### How to complete this task:
Reproduce the lines below exactly. Skip images.

═════ Recorded data

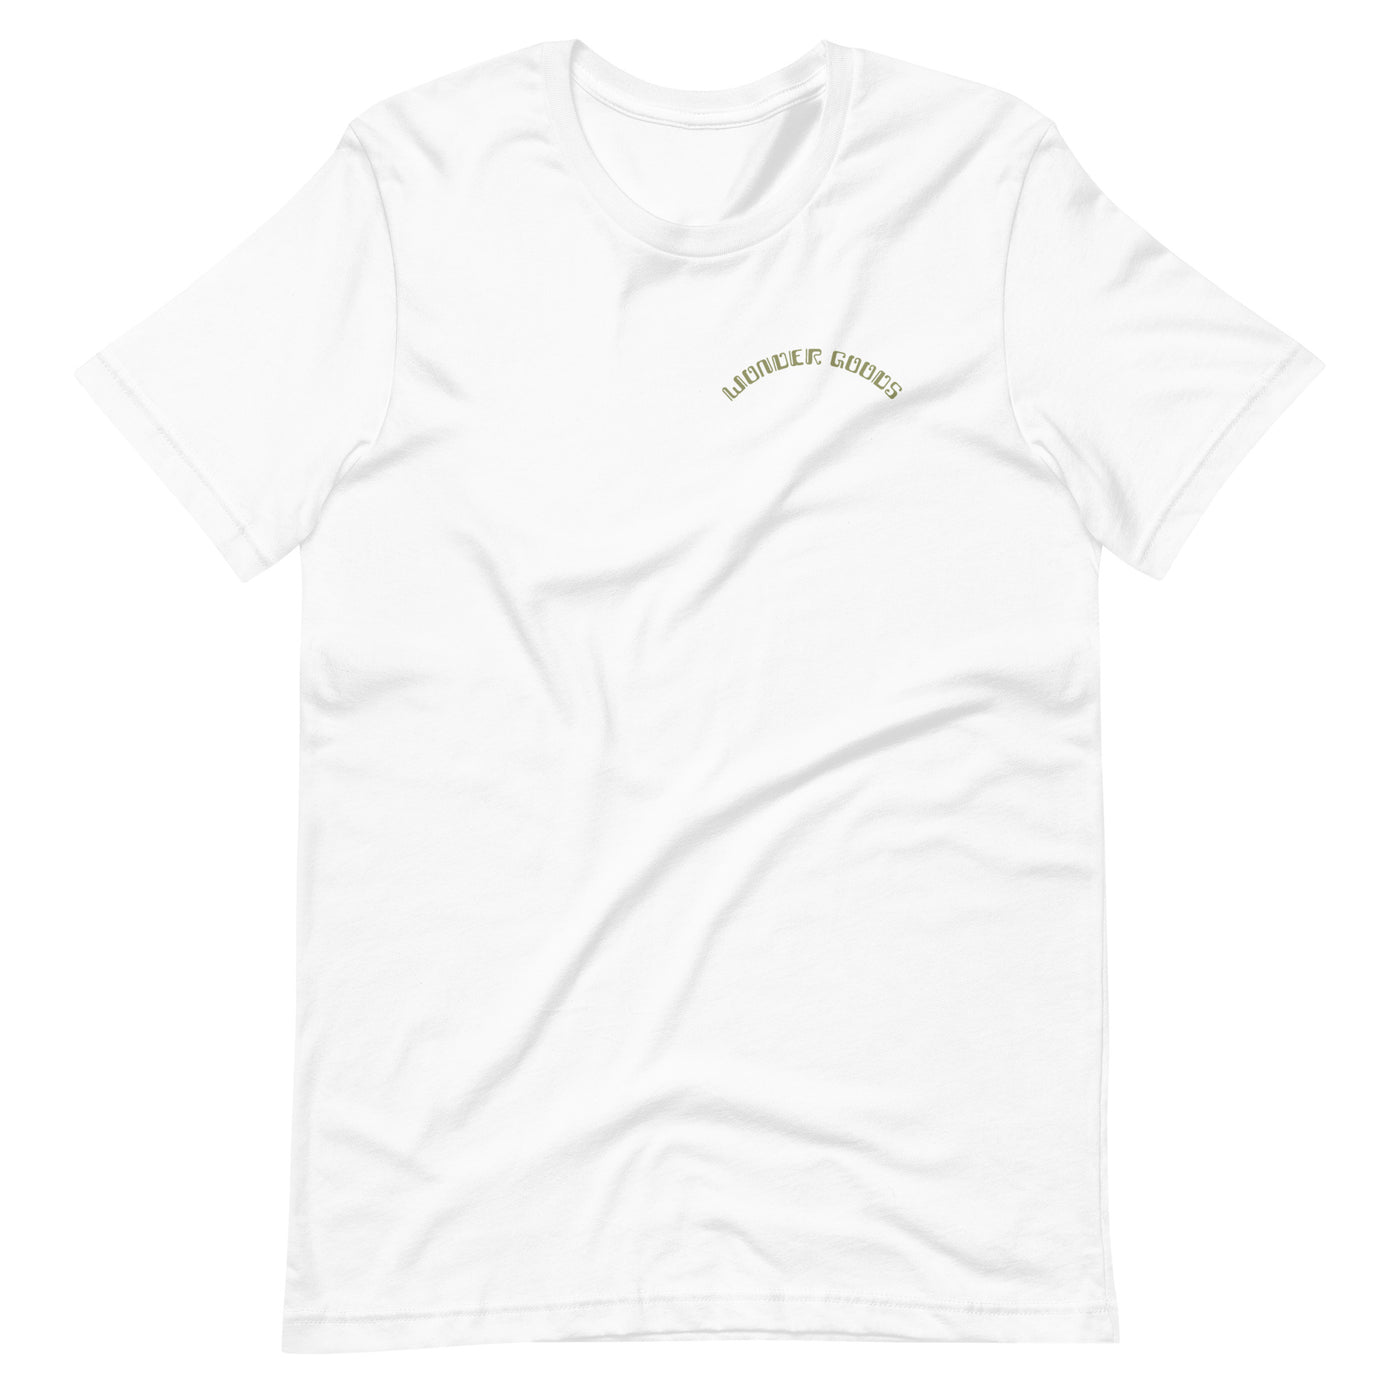 Formless.Forming Story Teller Tee
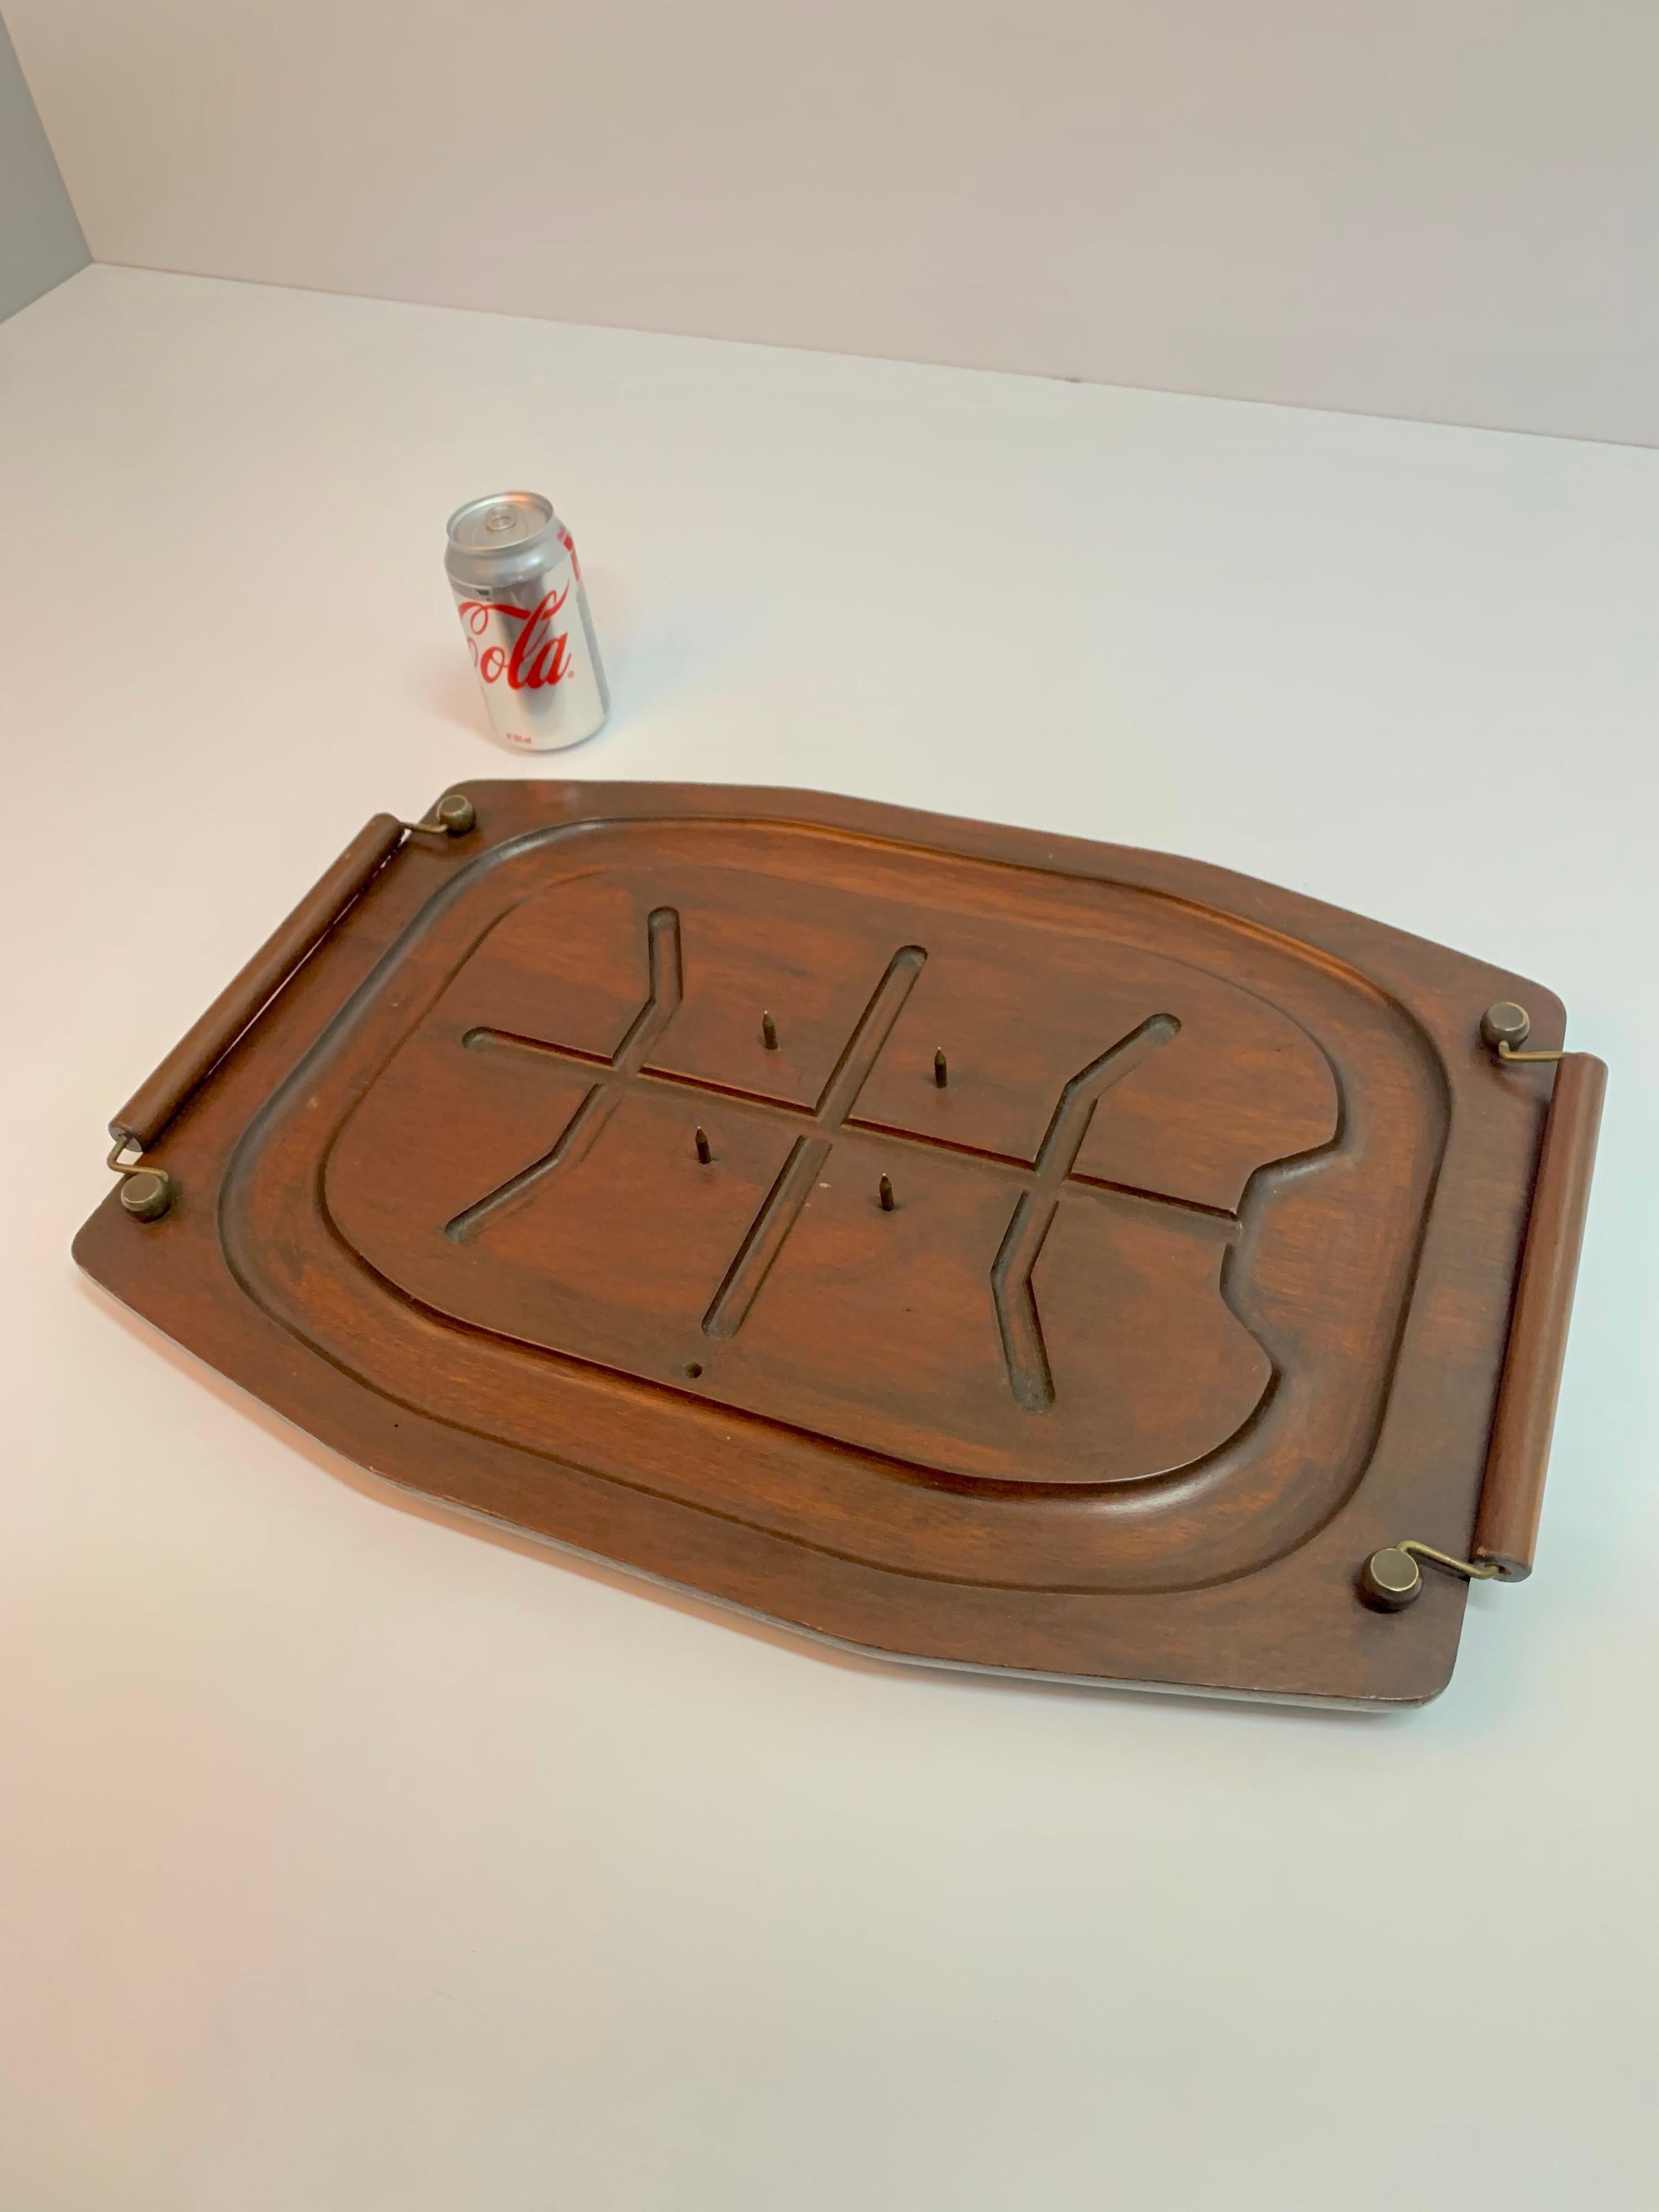 Hector Aguilar with this piece shows us what a born artist he was, the works he did in wood are few, that's why this rare tray is an exceptional piece, we believe that the best way to preserve this work is to leave it as it was recovered, that is to
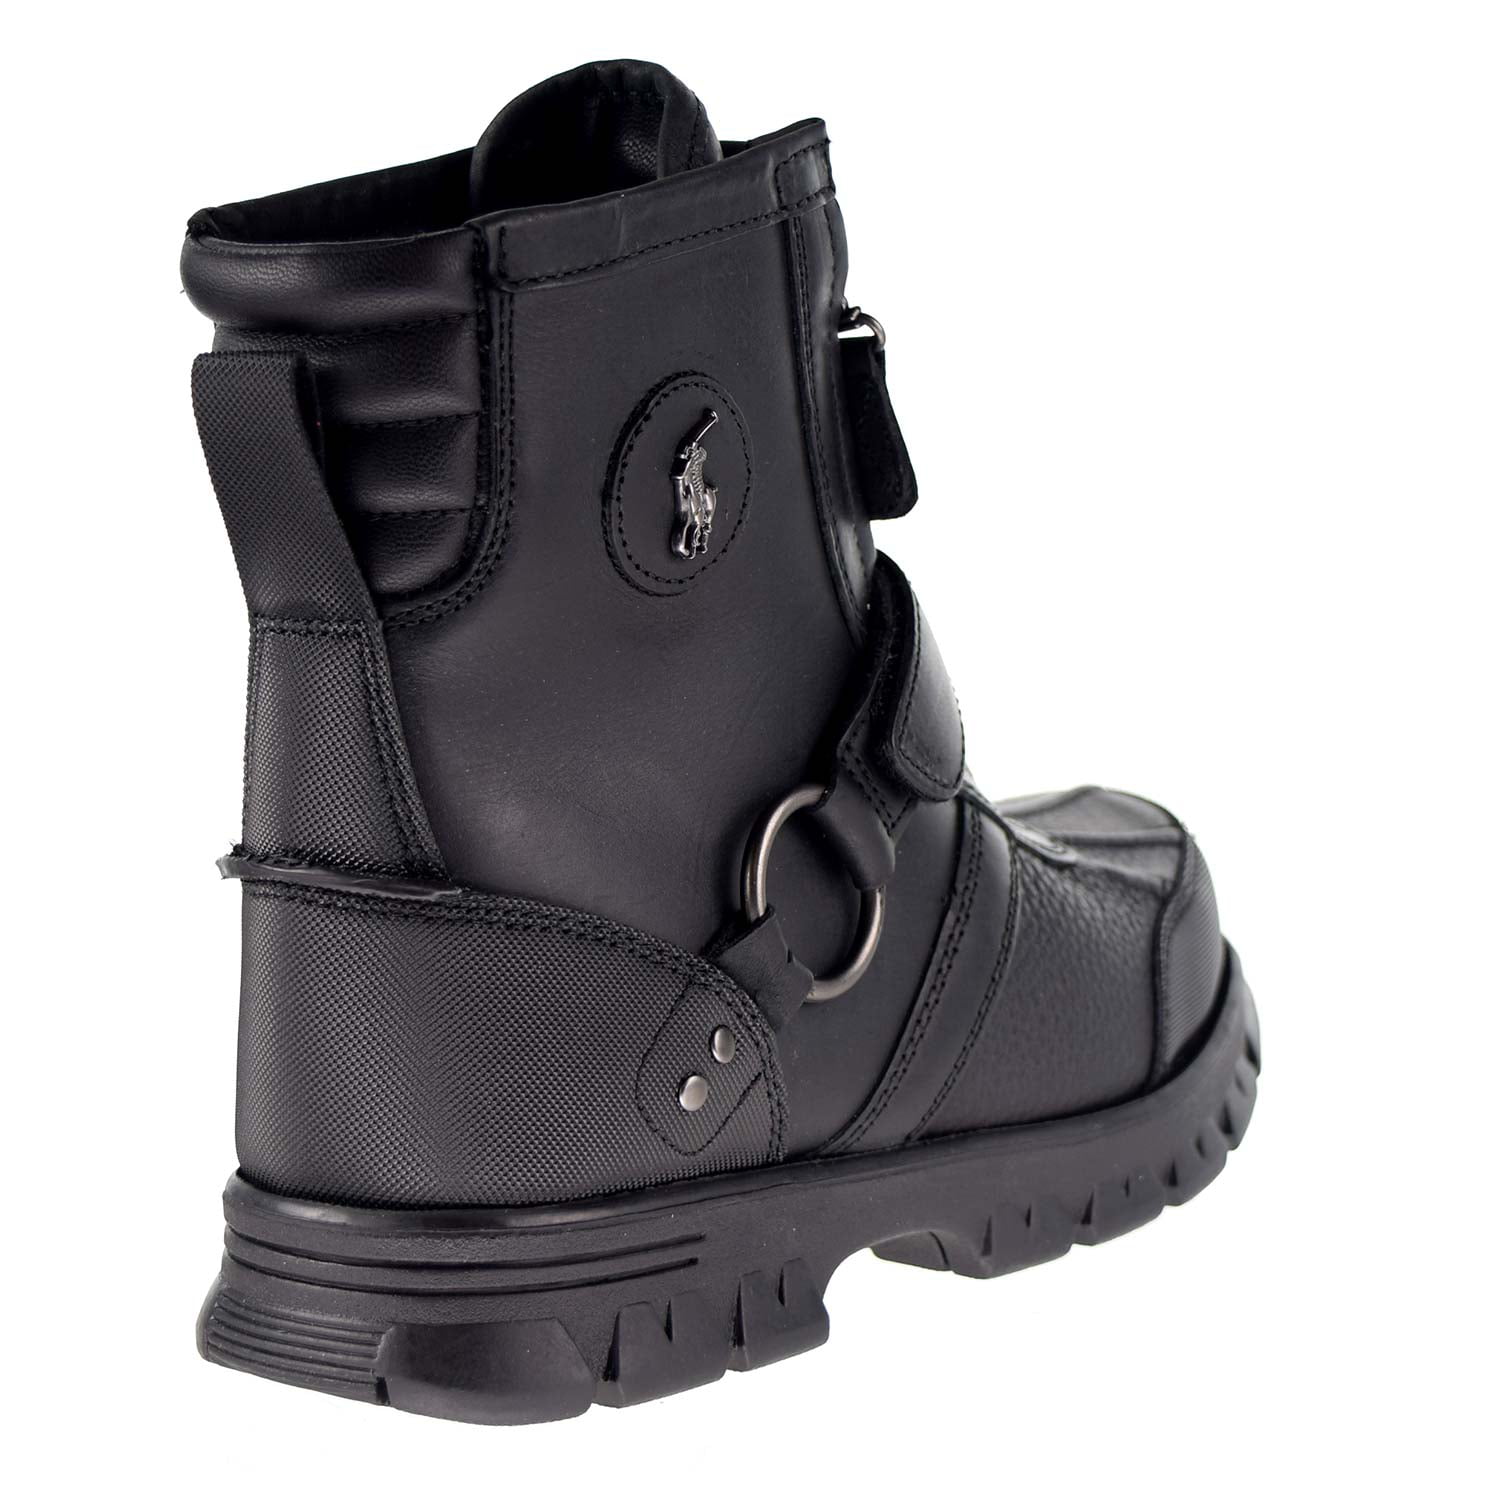 conquest hi boot by polo ralph lauren

══════════

### Solution to this task:
 Formless.Forming Story Teller Tee
 Hector Aguilar with this piece shows us what a born artist he was, the works he did in wood are few, that's why this rare tray is an exceptional piece, we believe that the best way to preserve this work is to leave it as it was recovered, that is to
 conquest hi boot by polo ralph lauren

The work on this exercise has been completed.